Johnson & Johnson’s radiopharmaceutical spurred “profound and durable” responses, however, four patient deaths in the early-stage trial marred the results.
JNJ-6420 is an anti-hK2 antibody-based targeted radioligand therapy that's designed to deliver a high-energy, short-range alpha-particle emitter to prostate cancer cells. The first-in-human study tested the radiopharmaceutical in patients with metastatic castration-resistant prostate cancer who have previously received at least one prior androgen receptor pathway inhibitor.
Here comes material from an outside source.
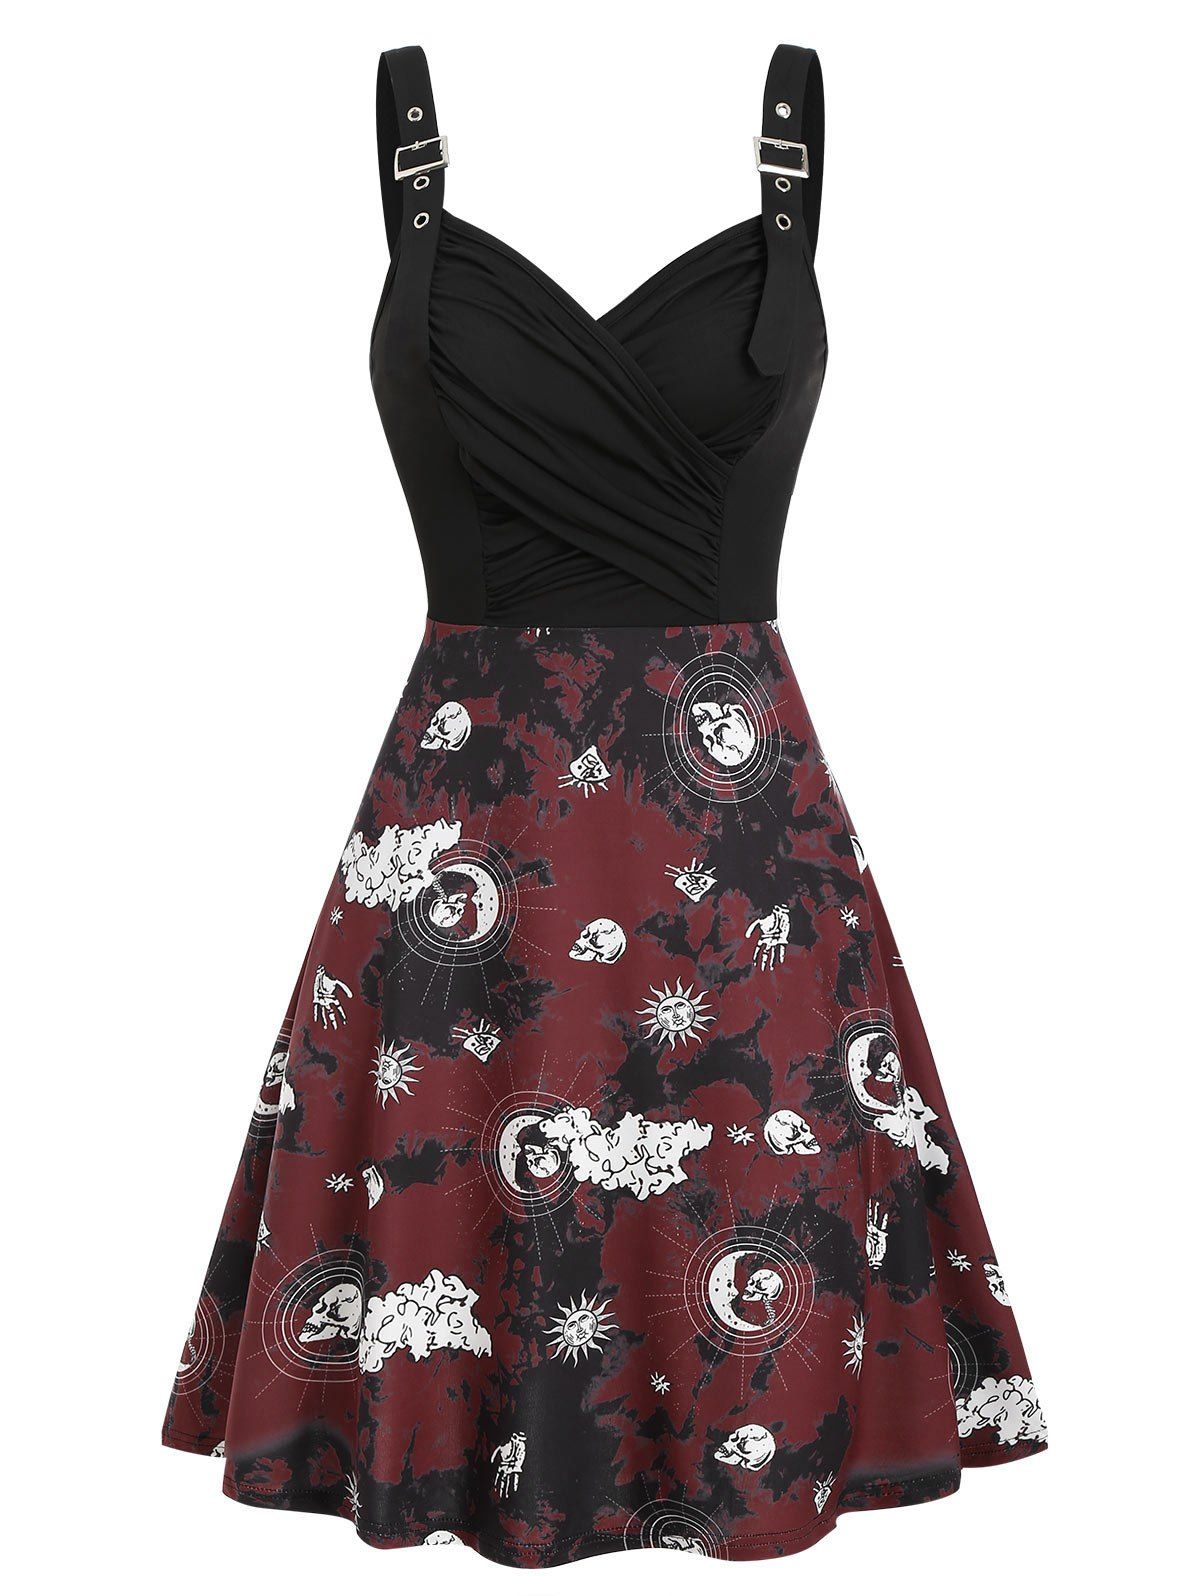 Tie Dye Skull Celestial Sun Moon Gothic A Line Mini Dress Print Ruched Surplice Buckles Cami Dress - BLACK M

The results are to be presented next week at the American Society of Clinical Oncology conference.
The goal of the phase 1 dose-escalation study was to demonstrate the drug's safety and to find a dose to move into phase 2. In one trial group, 37 patients were on a fixed dosing starting schedule, receiving between 50 μCi and up to 300 μCi. Twenty-nine patients in the other trial group were capped at a cumulative 500-μCi dose.
As of the Jan. 5 data cutoff, 64 patients had received at least one dose of JNJ-6420, with safety data being recorded for 57 patients who had received 150 μCi. Of these patients, 35, or 61%, experienced grade 3 or higher treatment-emergent adverse events (TEAEs), and 21, or 37%, had a serious TEAE. Almost all patients experienced some sort of TEAE.
There were four deaths due to TEAEs, which were associated with repeated dosing of JNJ-6420. The full data set linked two of the deaths to interstitial lung disease (ILD), one to respiratory failure related to COVID-19 and one to decreased appetite/hypotension.
ILD is a common adverse event in oncology treatment, particularly for antibody-drug conjugates. The condition causes progressive scarring of lung tissue. The deaths related to ILD occurred in patients who had received cumulative doses greater than or equal to 750 μCi.
The abstract noted cases of thrombocytopenia (low platelet count) in 63% of the reported TEAEs and ILD in 9%. The cases of ILD all occurred in patients who had received cumulative doses of greater than or equal to 500 μCi prior to the implementation of pulmonary function surveillance.
To address the risk of ILD and thrombocytopenia, the study investigators are recommending a cumulative dose cap and an adaptive dose schedule. Evaluation of adaptive dosing is ongoing.
Other common TEAEs in the study included anemia and two conditions related to low white blood cells, lymphopenia and leukopenia. Nine patients discontinued treatment.
As for the responses, the data showed a reported PSA50 rate of 45.6%. This is a measure of prostatic-specific antigen, which is a key biomarker in prostate cancer. A PSA response is associated with prolonged overall survival.
JNJ-6420 spurred one complete response, two partial responses and three confirmed objective responses.
There were “prolonged clinical, biochemical, and radiographic responses” in patients who received doses of 150 μCi and higher, according to the abstract. Durable responses were also noted in patients who had received JNJ-6420 for as many as 112 weeks.
Big Pharma has been piling into radiopharmaceuticals, with Novartis the leader in the field thanks to two approved drugs, Pluvicto and Lutathera. But Eli Lilly is closing in, having acquired Point Biopharma for $1.4 billion last year and splashing out $60 million earlier this week to work with Aktis Oncology on therapeutic and diagnostic products against multiple targets.
AstraZeneca also got in on the game in March, buying Fusion Pharmaceuticals for $2 billion and Bristol Myers Squibb picked up RayzeBio for $4.1 billion in December 2023.